Bell v. Wolfish, 441 U.S. 520, 547, 99 S. Ct. 1861, 1878, 60 L. Ed. 2d 447 (1979). See also Whitley v. Albers, 475 U.S. 312, 321-22, 106 S. Ct. 1078, 1085-1086, 89 L. Ed. 2d 251 (1986) (quoting Bell); Hudson v. McMillian, 503 U.S. 1, 3, 112 S. Ct. 995, 997, 117 L. Ed. 2d 156 (1992) (same).

Plaintiff has not denied that the material he sought fosters animosity among individuals of different races or that such animosity is particularly conducive to violence in correctional institutions. He has not hinted at an alternative to banning this material that would protect the rights he claims. When the mere presence of volatile materials, even religious items, indisputably threatens the security of the inmates and staff at a penal institution, a prohibition on those materials may be justified. I am persuaded that defendants have employed the least restrictive means to accomplish a compelling state interest. Therefore, defendants have satisfied the heightened standard set out in the Religious Freedom Restoration Act.
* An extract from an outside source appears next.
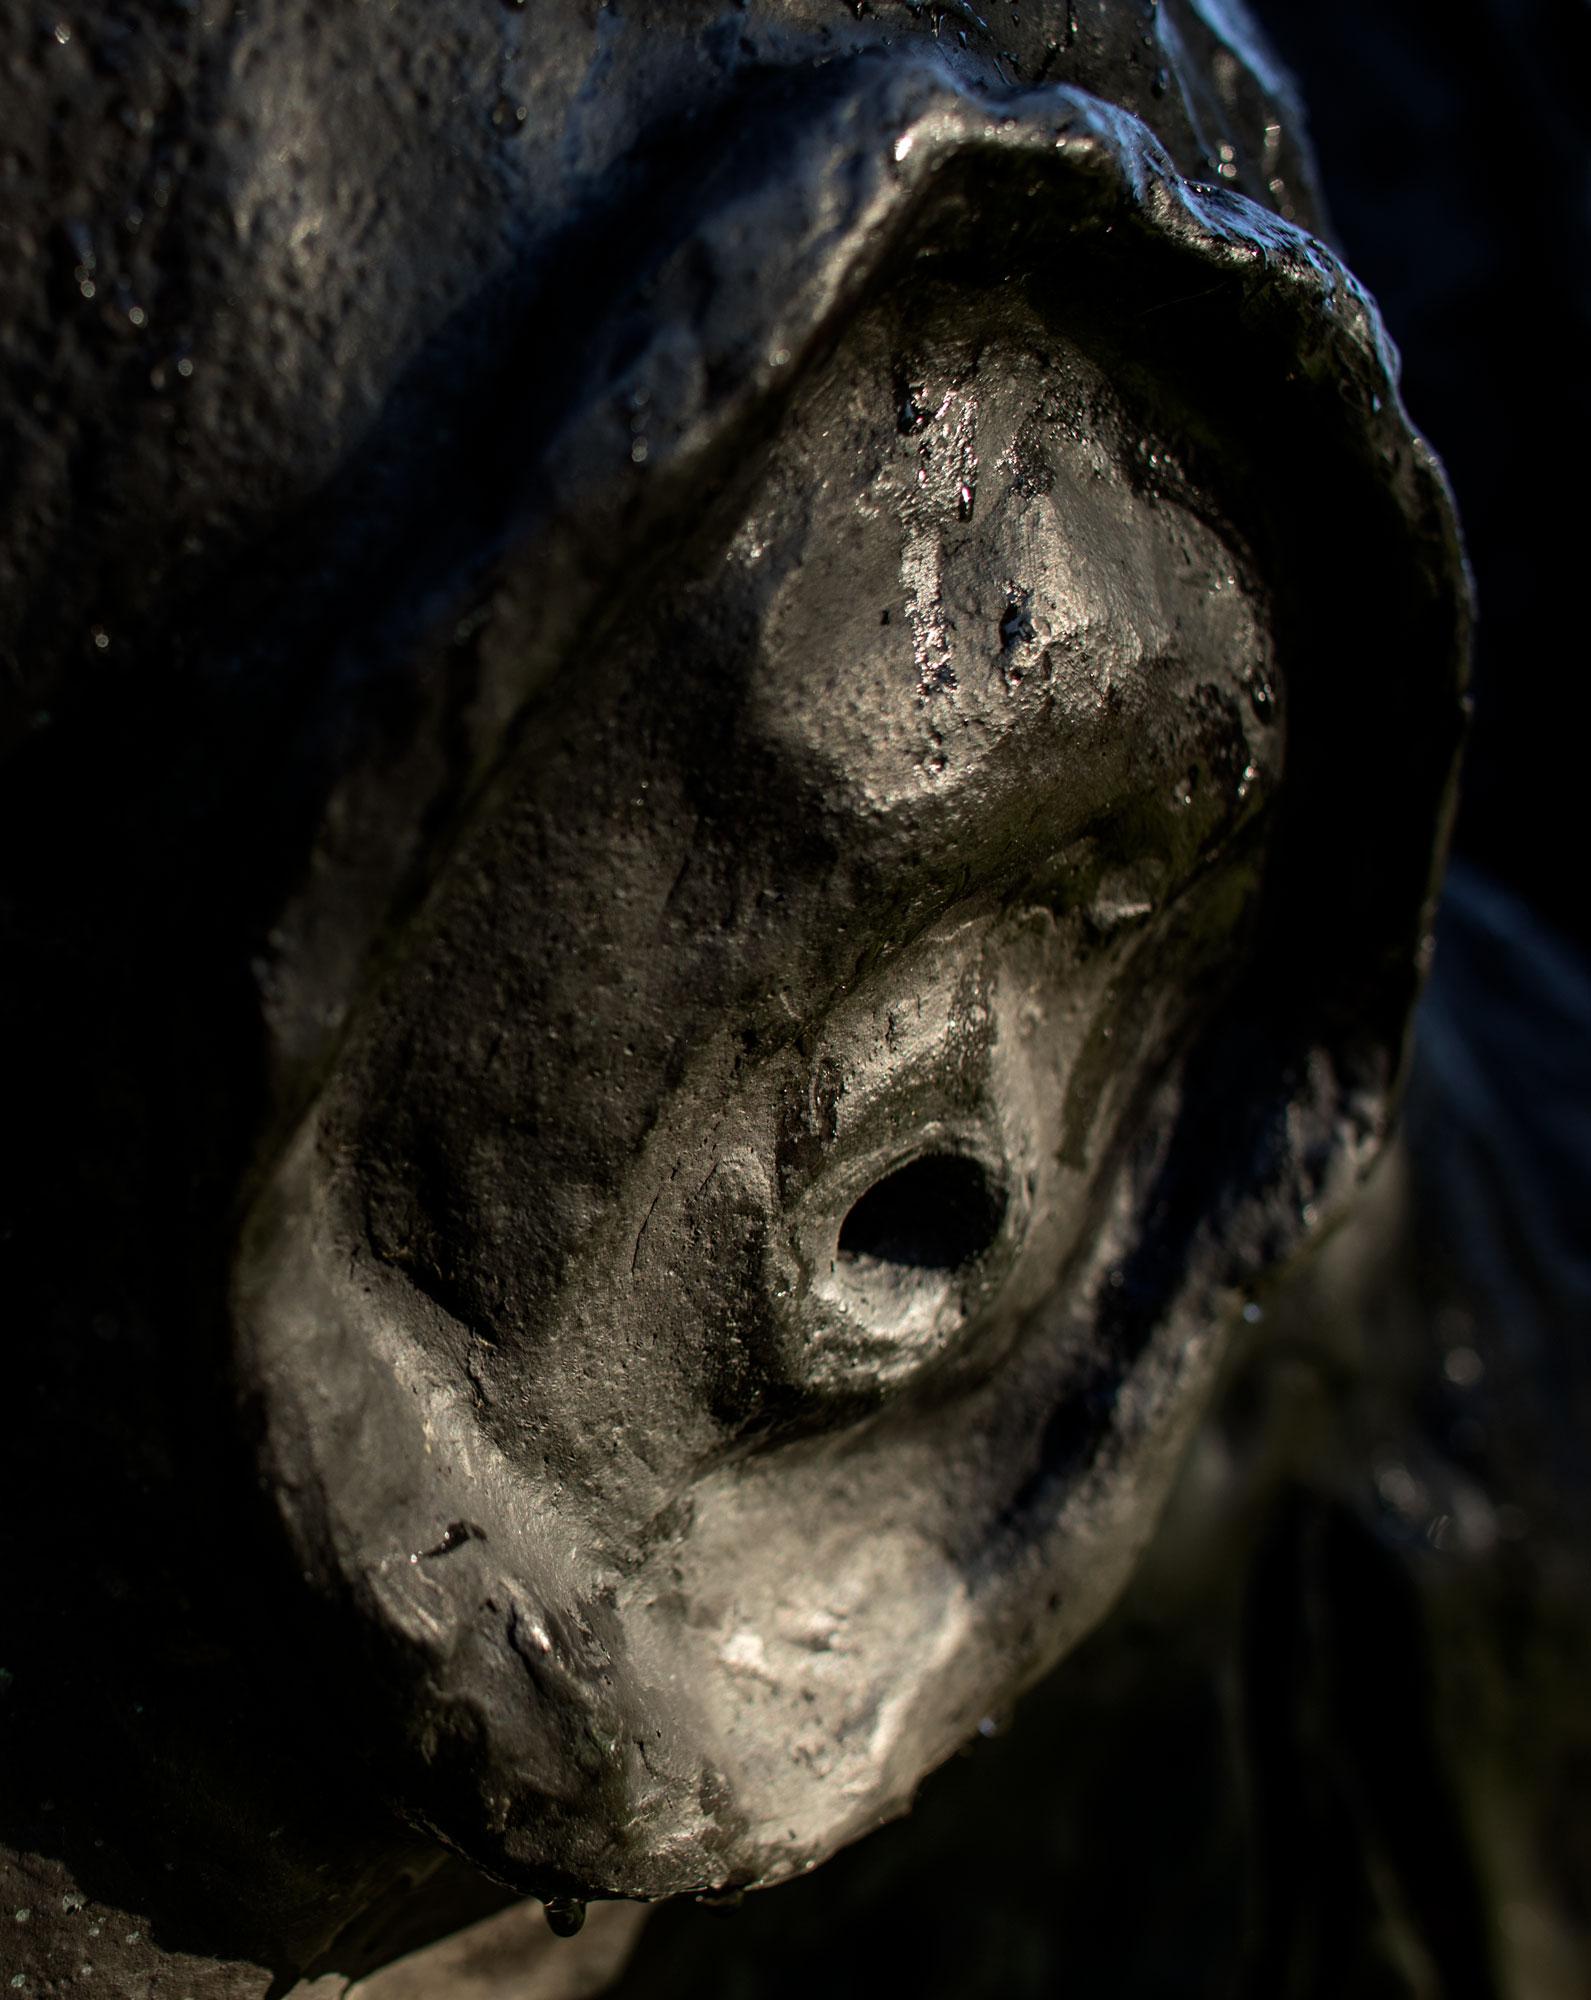 Sculpture by Tal R

Satisfaction of this heightened standard necessarily includes satisfaction of the lesser standard normally applied to content-neutral regulations in a penal context. Having found that defendants have met plaintiff's constitutional and statutory challenge, I need not address defendants' alternative arguments. Accordingly, defendants' motion for summary judgment will be granted.

ORDER

IT IS ORDERED that defendants' motion for summary judgment is GRANTED.